Tuesday, July 7, 2009

Painting


Watched “I am Sam” on DVD when I was in Bangkok a couple of days ago for a weekend trip with some friends. It’s an old movie starring Sean Penn about a mentally retarded man fighting for custody of his 7-year old daughter played by Dakota Fanning. In case you wonder why I was watching DVD on a holiday trip, I was bloody ill for the entire trip and spent the first day doing nothing but lounge in the nice Ascott apartment.

Anyway, the movie was good as expected since it won some Oscar, probably for Sean Penn but what I remember from the movie was a scene of Dakota painting at her foster parent’s home. Looking at her paint, I feel an urge to go back and pick up my brushes again. She was just painting like in a totally random way or what the art world would call “abstract”. No drawings, patterns, anything to guide her. She was really “just dip brush in paint and put brush on paper” and then repeating it all over again.

I was never taught to paint like that.
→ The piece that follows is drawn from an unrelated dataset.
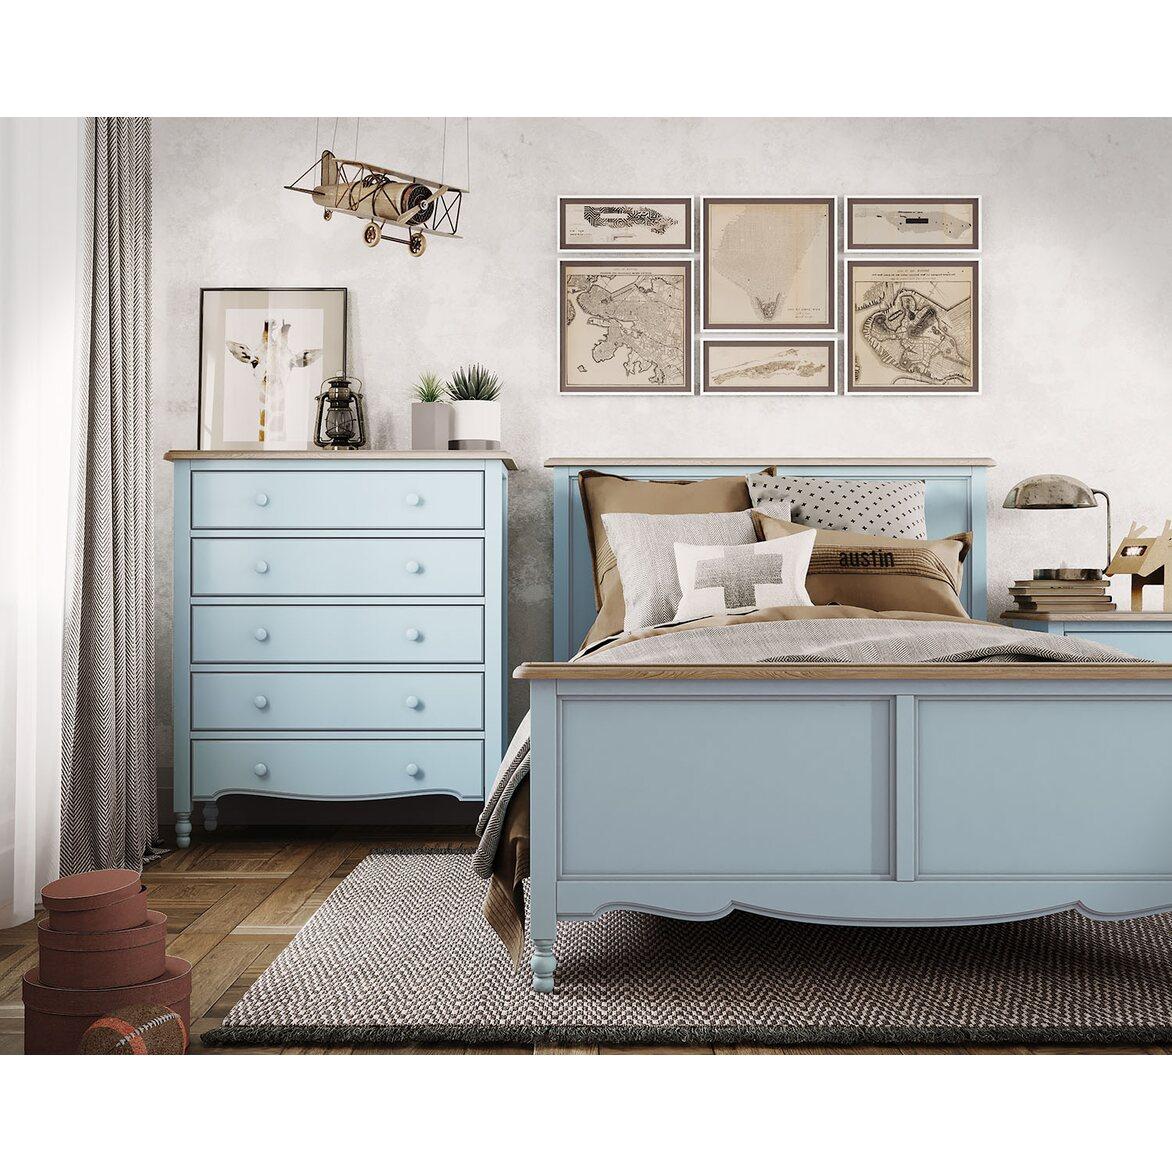 Шкаф двухстворчатый Leblanc, голубой 7 | Платяные шкафы Kingsby

I spent many years as a kid learning painting/drawing under a professional art teacher (whom I realized later when I was an adult that he is actually the current Vice-Chairman of the Singapore Chinese Painting Association) who signed me up for all sorts of local art competitions. He always said that I was an impatient kid (he could tell when I was that young – I started learning from him when I was seven) and painting would make me less so. I wonder if it helped. But what I clearly remember were his instructions on how to paint. Painting to me is always deliberate, structured, orderly and purposeful. It’s about discipline. It’s also demanding. Demanding because I always need to be fully concentrated or I might make a “mistake”. So sometimes, painting can be stressful, although it’s still mostly enjoyment to me.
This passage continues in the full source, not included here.